Quand les aléas climatiques et existentiels font aussi bon ménage, c'est forcément pain béni pour un grand metteur en scène... Alain Françon avait quitté son théâtre de la Colline avec une "Cerisaie" gorgée de fièvre et de grelottements. Toujours armé des notes de plateau de Stanilavski, il donne à voir à la Comédie-Française un Tchekhov pareillement livide et au bord d'on ne sait quelle tempête... Ce sera finalement un incendie qui achèvera de "consumer" tous ces personnages en arrêt sur eux-mêmes, incapables de dialoguer entre eux, écrasés par leur présent à force de délirer sur le passé et l'avenir.

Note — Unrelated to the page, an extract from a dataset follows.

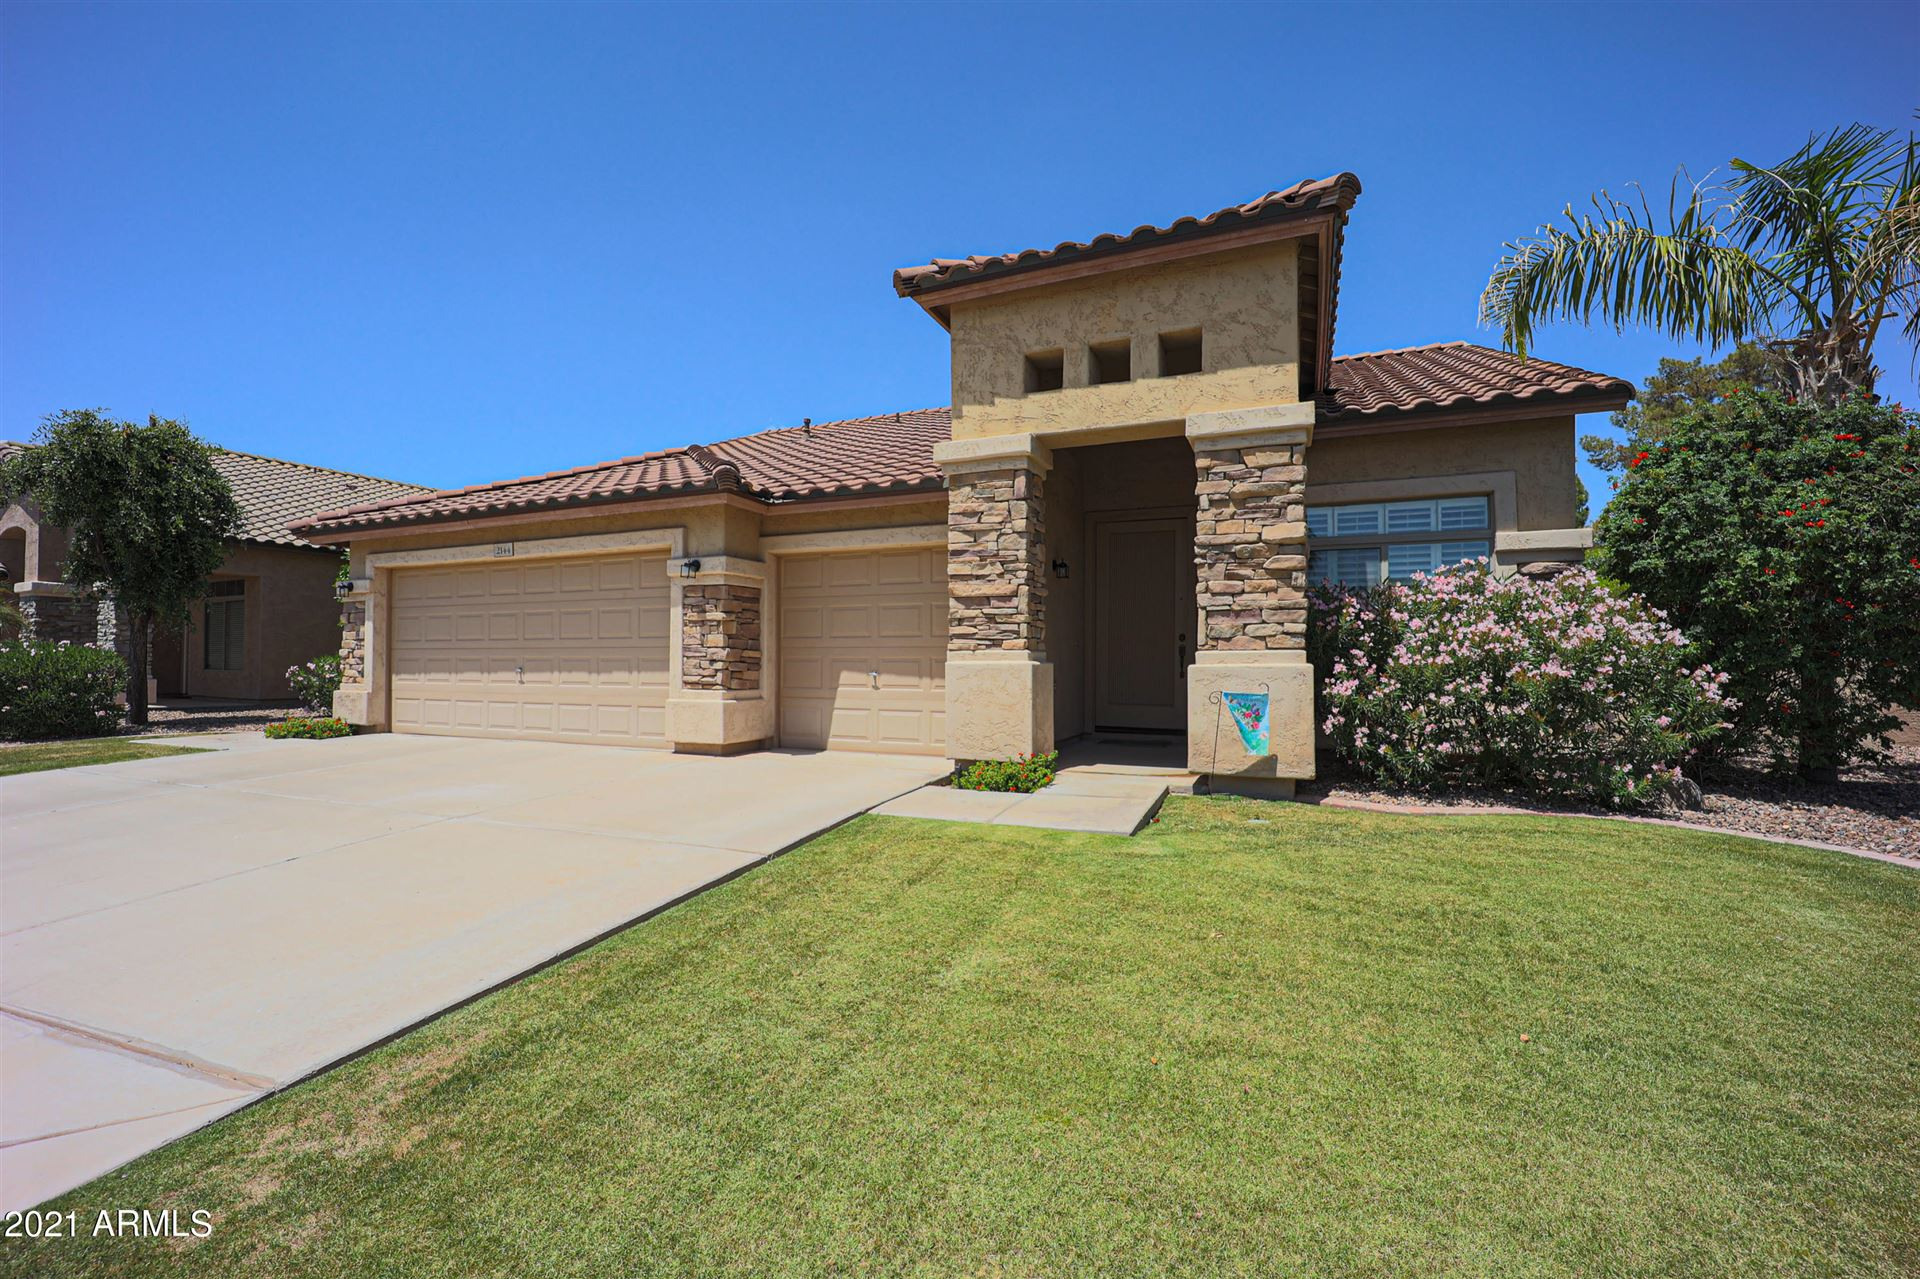 Photo of 2144 W OLIVE Way, Chandler, AZ 85248 (MLS # 6229601)

Cette représentation des "Trois Soeurs" est un sommet, ce qui ne veut pas dire que l'ascension est toujours facile... Le 1er acte tiendrait même plutôt du plat de résistance que du hors d'oeuvre, avec des comédiens qui ne s'installent pas tous au même rythme : là où Michel Vuillermoz emporte immédiatement l'adhésion dans la peau du commandant Verchinine, Guillaume Galliène paraît plus emprunté dans le rôle d'Andreï, le frère des trois soeurs... La suite est plus passionnante... Le 2ème acte ressemble à un film de Michelangelo Antonioni. Alain Françon en assume, au forceps, la fausse léthargie. Tout devient gris-noir sur le plateau. Plus rien ne semble vibrer dans l'univers des trois soeurs. La notion même de "présent écrasé" trouve ici une magistrale traduction dans l'espace et on est médusé par la puissance et le sens de l'épure avec lesquels se déploie ce parti pris de mise en scène.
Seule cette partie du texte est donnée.